You Deserve A Break Today
Look for the Golden Arches!
McDonald’s is your kind of place
You deserve a break today
We do it all for you
Nobody makes your day like McDonald’s can
It’s a good time for the great taste of McDonald’s
It’s Mac Tonight
What you want is what you get
Have you had your break today?
Did somebody say McDonald’s?
Put A Smile On
I’m lovin’ it
My first job was giving birthday parties and tours at McDonalds when I was fifteen years old. By the time I retired from the Golden Arches (at the ripe old age of 17) I was working for a McDonald's franchise owner in the Marketing Department for his five stores. Many things have changed over the years for McDonald's (slogans)and myself (career path). But you know what hasn’t? The hamburgers. Did you know that the basic McDonald’s hamburger hasn’t changed much since the 1950s. It is easy to see that the McDonald’s formula, the one from way back in the beginning, hasn’t changed much. The bun, the burger, the pickle, the onions, the ketchup, the mustard. It was all there. And it still looks exactly the same. I find comfort in consistency, don't you?
Let’s relate that to parenting. The parenting techniques and buzzwords/slogans have changed over the years but Godly parenting has not. At the end of the day parenting begins and ends with relationships.

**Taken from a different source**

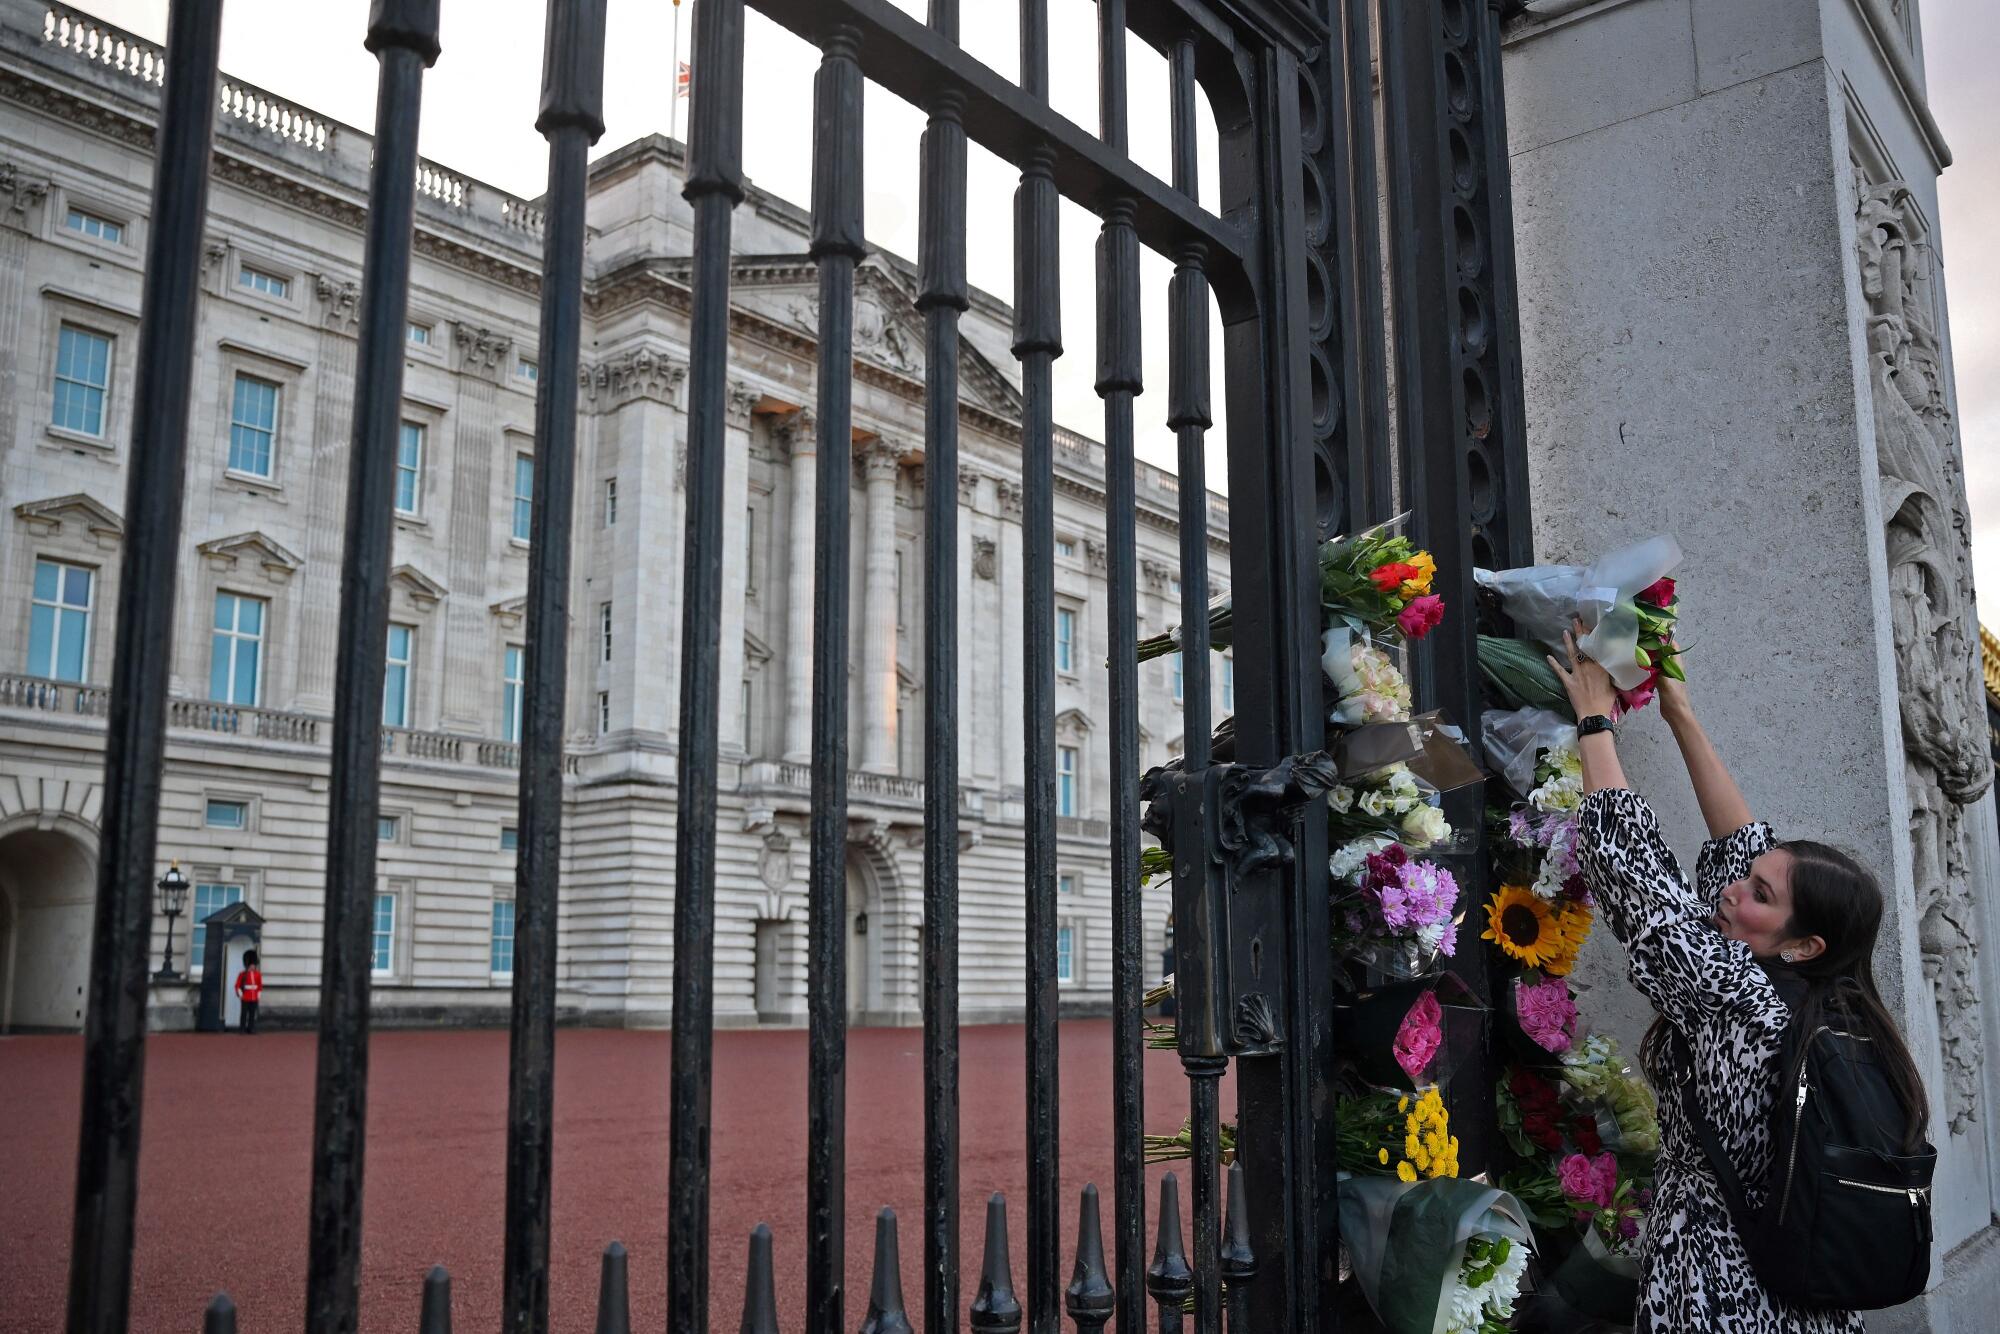 A woman tucks flowers into the gate outside Buckingham Palace in central London.
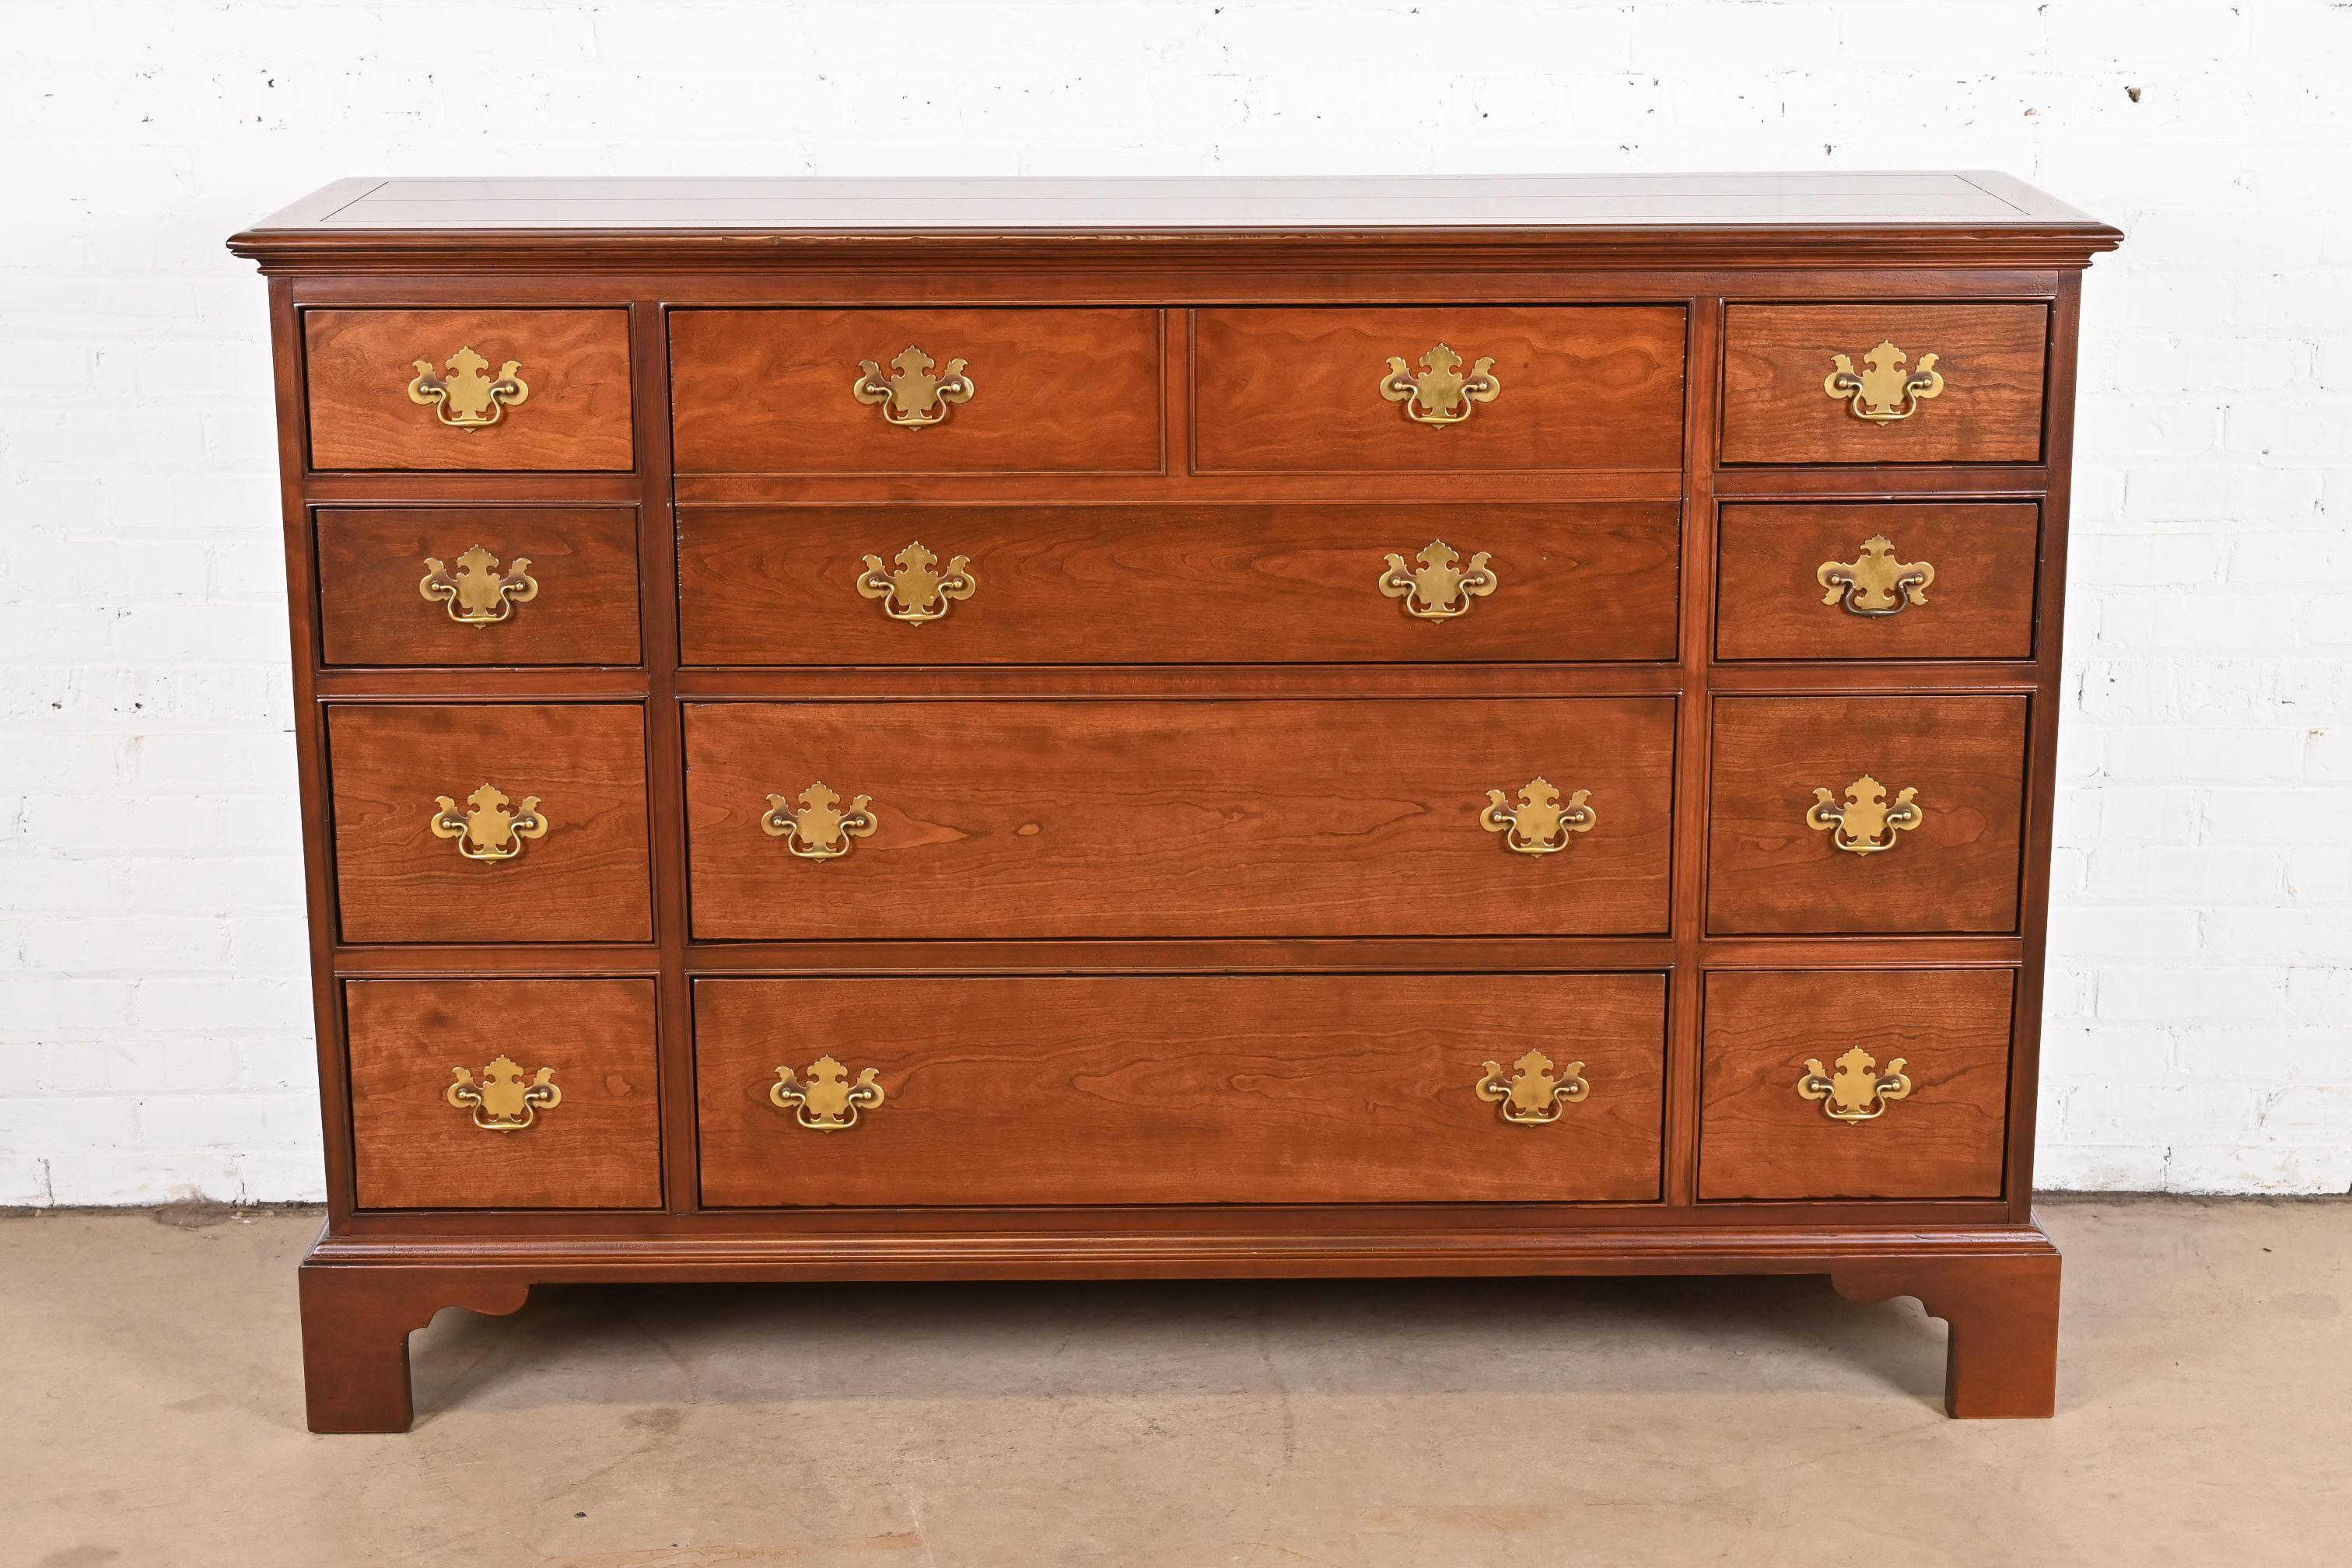 20th Century Baker Furniture Georgian Cherry Chest of Drawers with Secretary Desk, Refinished

1. It is about your relationship with God
2. Your children’s relationship to God
3. Then your relationships with each other.
Don’t forget if your relationship with God is right and you are teaching your children to have a relationship with God then relationships with each other will fall into place. God never changes. There is comfort in His consistency.
And that is certainly something McDonald’s gets and we as Christians should get.
Even though McDonald’s certainly listens to the needs and wants of its patrons and tries to come up with new and exciting and innovative eating ideas for its restaurants, you can walk into (or drive thru) any McDonald’s restaurant in any city, in any town, or even country and get the same hamburger. Just like you could back in the 50's and the 60's and the 70's.
Relate that to your parenting. As a parent you listen to the needs, wants and requests of your children but always point them back to your mutual relationships with God and check what you are doing against his word.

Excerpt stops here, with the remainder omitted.